Methane removal is a new field that explores whether there are ways to break down methane once it is already in the atmosphere faster than existing natural systems would on their own, mainly by enhancing methane’s natural removal processes. It could potentially play two important roles: (1) to address historical methane emissions in order to reduce near-term warming, lower peak temperature, and reduce natural feedback and tipping element risk, and (2) as a potential partial response to methane-emitting natural feedback loops and tipping elements to reduce how much these systems further accelerate warming. The ability of methane removal to accomplish these objectives will depend on which and whether approaches prove feasible, how quickly and broadly they may scale, and their inherent impact tradeoffs. It is not a “silver bullet” solution.
Methane removal approaches, should they prove feasible, would need to be deployed as part of a broad portfolio of other climate solutions, including greenhouse gas emissions reduction and carbon dioxide removal. These approaches may help to slow the rate of near-term warming, reduce peak temperatures, and lower the risk of natural feedbacks and tipping elements.
As the planet warms, certain climate feedbacks and tipping elements will result in increased greenhouse gas emissions. These include methane emitted from permafrost thaw and wetlands. Natural feedbacks and tipping elements have wide-ranging impacts beyond methane emissions, and should be avoided as much as possible for those reasons as well.
Permafrost thaw occurs via either gradual or abrupt processes and the nature of the thaw greatly impacts the ratio of carbon dioxide versus methane that is released. Abrupt thaw includes rapid erosion, depressions from sinking land known as thermokarsts, and other similar phenomena and is expected to occur when global temperature passes a threshold somewhere between 1.0-2.3°C, estimated at around 1.5°C. While there’s wide variation in estimates of impacts, recent research suggests that permafrost methane emissions may add approximately 0.02-0.1 °C to global average temperatures and 10-50 Mt/year to the global methane burden by 2100 under RCP4.5.
Wetlands are expected to produce more methane due to higher temperatures and changing precipitation patterns which expand wetland areas and increase the activity of methane-producing microbes. There’s early evidence that this is already starting to happen. These rising natural emissions are currently under-represented in IPCC climate models, and could lead to 30-160 Mt/yr of additional combined wetland and permafrost methane emissions above their baseline levels by 2100, which would add approximately 0.06-0.2°C to global average temperatures.
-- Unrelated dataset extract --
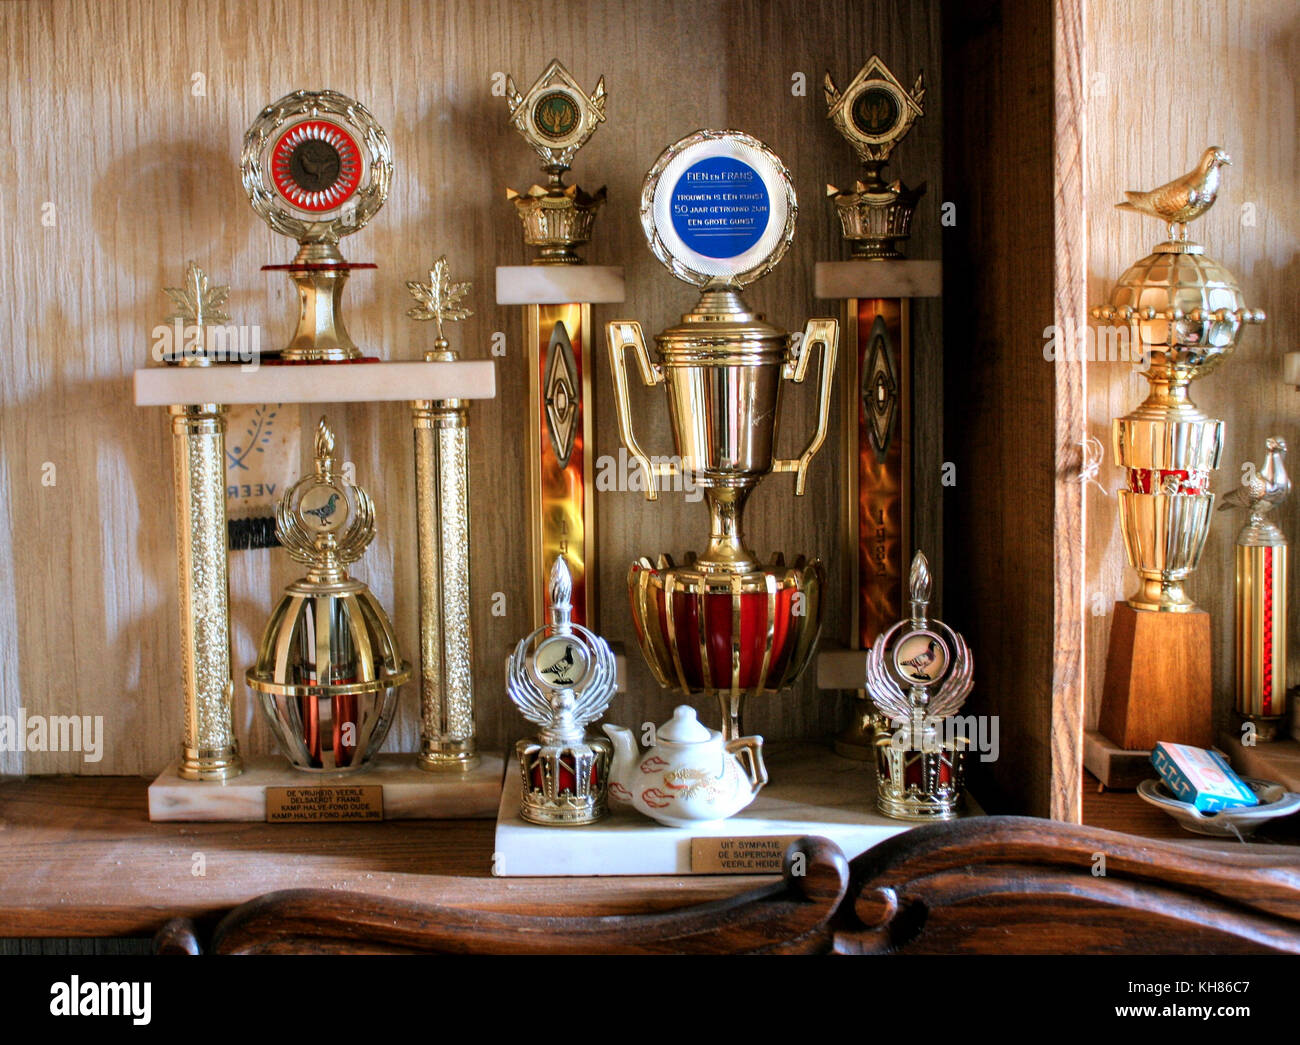 Belgio: HAUNTING immagini hanno rivelato una notevole collezione di trofei in una casa abbandonata che sembra come se essa è stata congelata nel tempo. La seri Foto Stock

Both wetlands and permafrost may emit even more methane than estimated, causing additional warming, human health, and ecosystem risks. Methane removal may be able to reduce some of this warming, helping to lower global temperatures, reduce overall climate impacts, and lower the risk of additional tipping elements and natural feedbacks. Climate mitigation remains the top priority, including deep emissions cuts across all greenhouse gases and climate pollutants, and scaling up carbon dioxide removal to address historical carbon dioxide emissions—methane removal may prove to be an additional climate mitigation response.